Addwaita is an example of nature experimenting with the limits of life span. While nature's at it, why not just grant immortality? It would seem to be an obvious gift. Reproduction is the sole goal of evolution. And if you're dead, you can't reproduce, right? On the other hand, I suppose that if you haven't hooked up at least a few times in 250 years, nature has a right to give up on you. Pandas, for example, seem to be testing nature's patience.

The reason nature hasn't produced any animals with unlimited life spans is because staying alive - for whatever length of time - is a heroic act of wrenching order from chaos. It takes energy and a healthy biological system. And all systems fail. You can build redundancies into a sytem to put off failure. Perhaps, as Kathy suggested, these tortoises have a different redundant system. But, ultimately, even the Addwaita's among us die. The redundancies fail too.

When it comes to life spans we humans are actually very fortunate. Life span among other animals tend to follow some basic rules.

  1. Body size - the bigger the animal, the longer it lives.

  2. Fecundity - the more offspring that an animal is capable of producing, the shorter it lives.

  3. Brain size/body size ratio - the greater the ratio the longer the life.

Perhaps these rules aren't a complete explanation for human longevity. A while back a commenter suggested that we humans have another reason to live a long time - teaching and caring for the next generation. The fact that we have a complex language means that we can teach things that take years to explain - complex things.

Things like molecular biology.

We humans are, for now, the practical distinction between nature and evolution. Evolution doesn't "care" how long any individual creature lives - as long as enough members of the species live long enough to spawn the next generation. Senescence is the product of evolutionary neglect - a lack of evolutionary pressure to live longer - not part of some grand design to clear the way for future generations.
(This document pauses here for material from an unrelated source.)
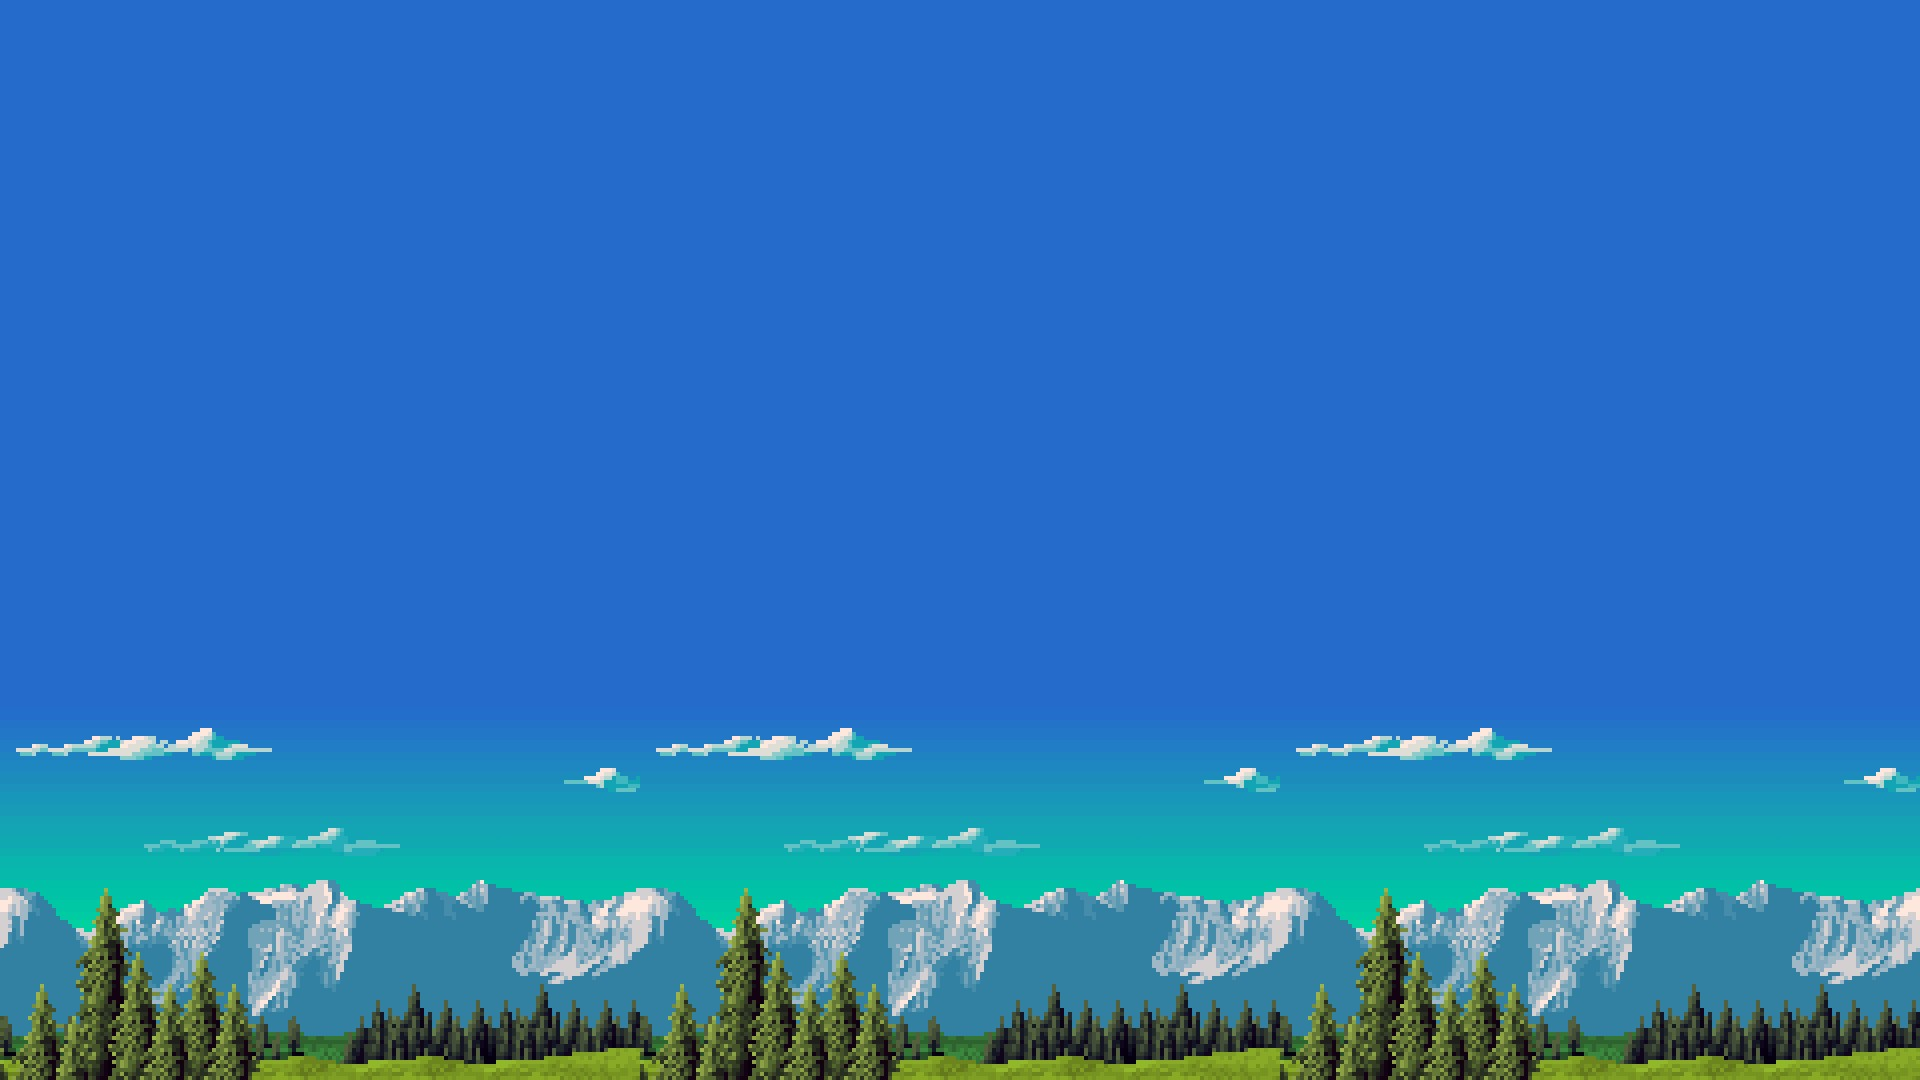 Download Free 3d Wallpapers For Windows 8 Hd 8 Bit Backgrounds Pixelstalk Net

But through evolution nature produced a species that both cares about life span, and has the potential to do something about it. Senescence could not be eliminated with evolution alone. A couple more informational epochs had to come along.

But conquering senescence is only natural.

Comments

I like the idea that humanity is nature's most sophisticated self-correcting tool. It is indeed only natural that we should eliminate poverty, disease, hunger, and ultimately aging. It's what we're designed to do!